Variable	AUC	95% CI	Cutoff value	Sensitivity	Specificity	P-value
TC	0.69	0.61–0.77	202	69.8%	57%	< 0.001
TG	0.68	0.60–0.77	172	80.0%	53%	< 0.001
LDL	0.63	0.55–0.74	132	58.0%	51%	0.002
Non-HDL-C	0.73	0.65–0.81	155	82.4%	51%	< 0.001
Non-HDL/HDL	0.78	0.72–0.85	3.78	85.3%	53%	< 0.001
TC/HDL (CRI- I)	0.78	0.72–0.85	4.70	86.0%	53%	< 0.001
LDL/HDL(CRI- II)	0.72	0.65–0.79	3.10	76.0%	53%	< 0.001
TG/HDL	0.76	0.69–0.83	4.46	78.0%	53%	< 0.001
log TG/HDL (AIP)	0.75	0.68–0.82	0.63	79.1%	51%	< 0.001

TC = total cholesterol, TG = triglycerides, HDL = high density lipoprotein, LDL = low density lipoprotein, CRI-I = Castelli risk index-I, CRI-II = Castelli risk index-II, AIP = therogenic index of plasma

The logistic regression analysis showed that the TC/HDL ratio (CRI-I) [OR: 4.94; 95% CI: 2.35–10.41; P < 0.001] and LDL/HDL (CRI-II) [OR: 4.63; 95% CI: 1.96–10.98; P < 0.001] were the most significant independent lipid parameters that predicted glycemic control with a risk of more than four times higher than those who had normal levels of these two parameters.
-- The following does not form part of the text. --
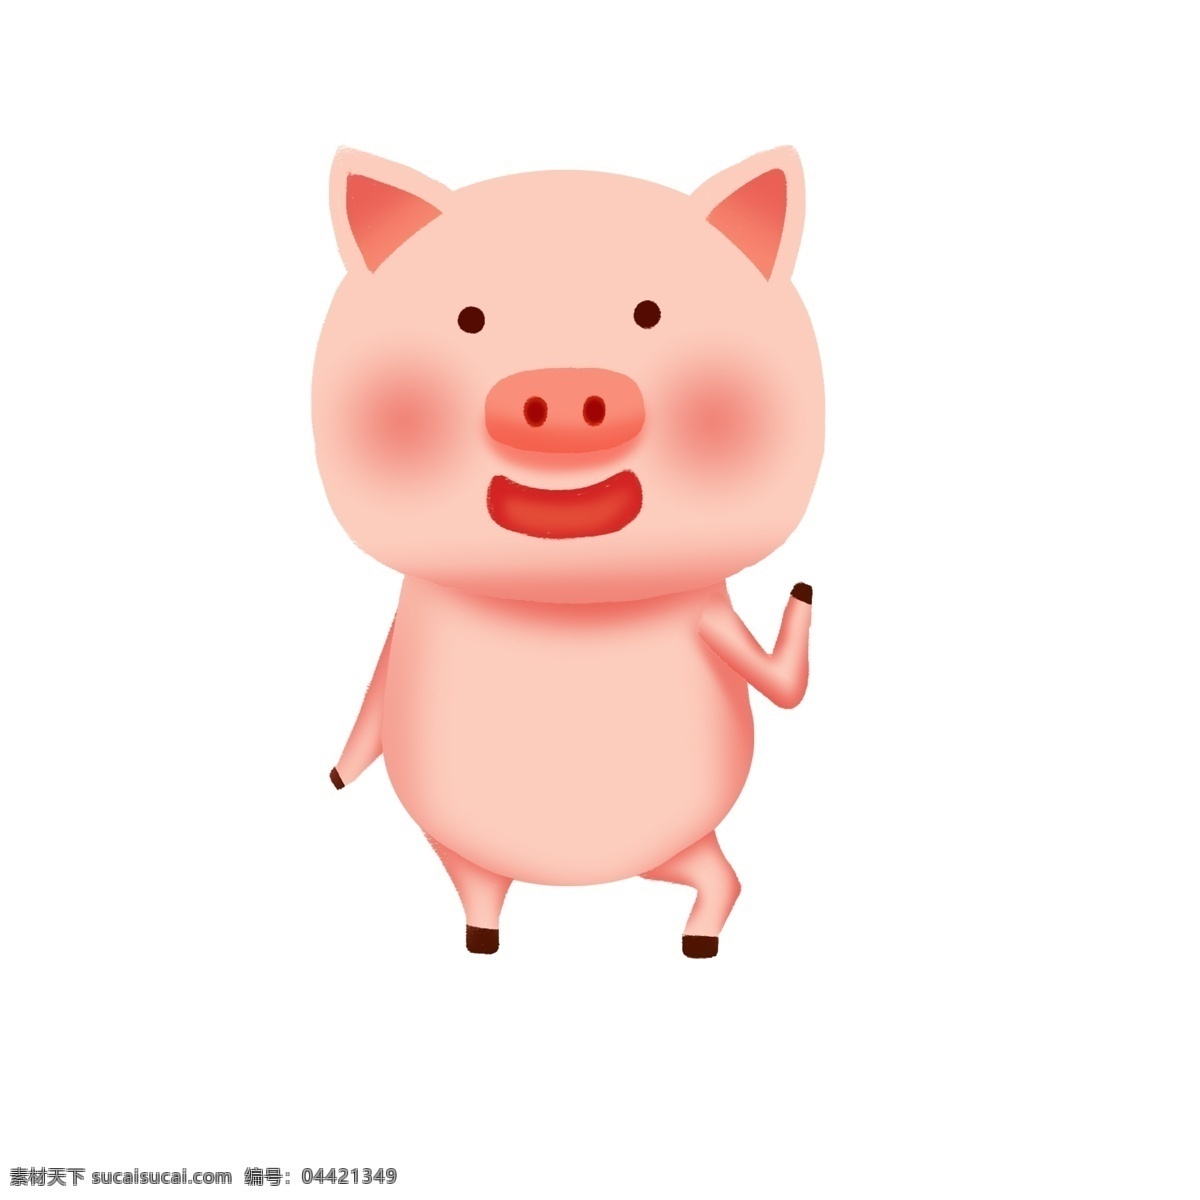 2019 猪年 粉色 系 卡通 手绘 立体 猪 卡通猪 猪宝宝 可爱猪宝宝 粉色系 卡通手绘 粉色系立体猪 可爱立体猪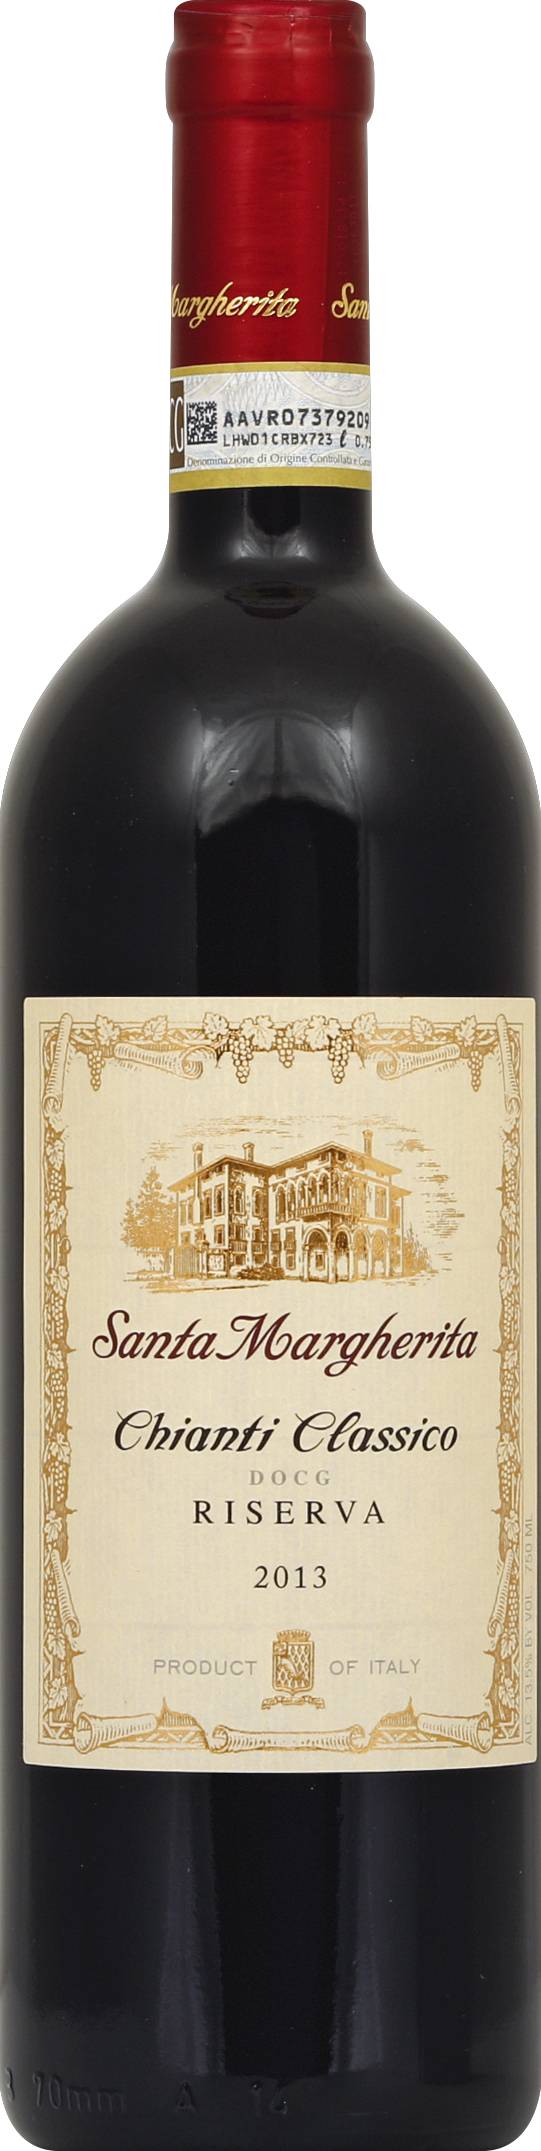 Santa Margherita Chianti Classico Riserva Docg 2013 Red Wine (750 ml)

Despite the significant association, non-HDL cholesterol was a poor predictor of glycemic control (OR: 1.01; 95% CI: 1.00–1.02; P = 0.020). In contrast, TC and TG were not significant predictors (P = 0.130 and P = 0.488 respectively). [Table 4]

Table 4

Logistic regression analysis of the lipid profile and atherogenic indices for glycemic control of diabetes mellitus

Parameter	β Coefficient	OR	95% CI for OR		P-value
			Lower	Upper
TC	0.071	1.05	0.98	1.18	0.130
TG	0.056	1.03	0.90	1.20	0.488
Non-HDL	0.013	1.01	1.00	1.02	0.020
TC/HDL (CRI-I)	1.598	4.94	2.35	10.41	< 0.001
LDL/HDL (CRI-II)	1.534	4.63	1.96	10.98	< 0.001

TC = total cholesterol, TG = triglycerides, HDL = high density lipoprotein, LDL = low density lipoprotein, CRI-I = Castelli risk index-I, CRI-II = Castelli risk index-II

Discussion

Glycemic control in patients with DM is crucial for reducing diabetes-related complications and lowering disability and mortality . The current study showed that 84.5% of the participants had poor glycemic control. A result comparable to that previously reported in Iraq (86.2%) .

Studies from various countries have revealed varying rates of poor glycemic control, including Saudi Arabia (74.9%) , Iran, Yazd (58.3%) , and Ethiopia (72.7%) . DM patients in the United States have a better glycemic control rate (about 50%) than patients in other nations .

Diabetes management is challenging and not widely available in developing countries with inadequate resources . The difficulties include problems with the quality and accessibility of medical care, drug supply and cost, insufficient health institute infrastructure, common use of traditional and herbal therapies, patient ignorance, and lack of information about optimal diabetes management .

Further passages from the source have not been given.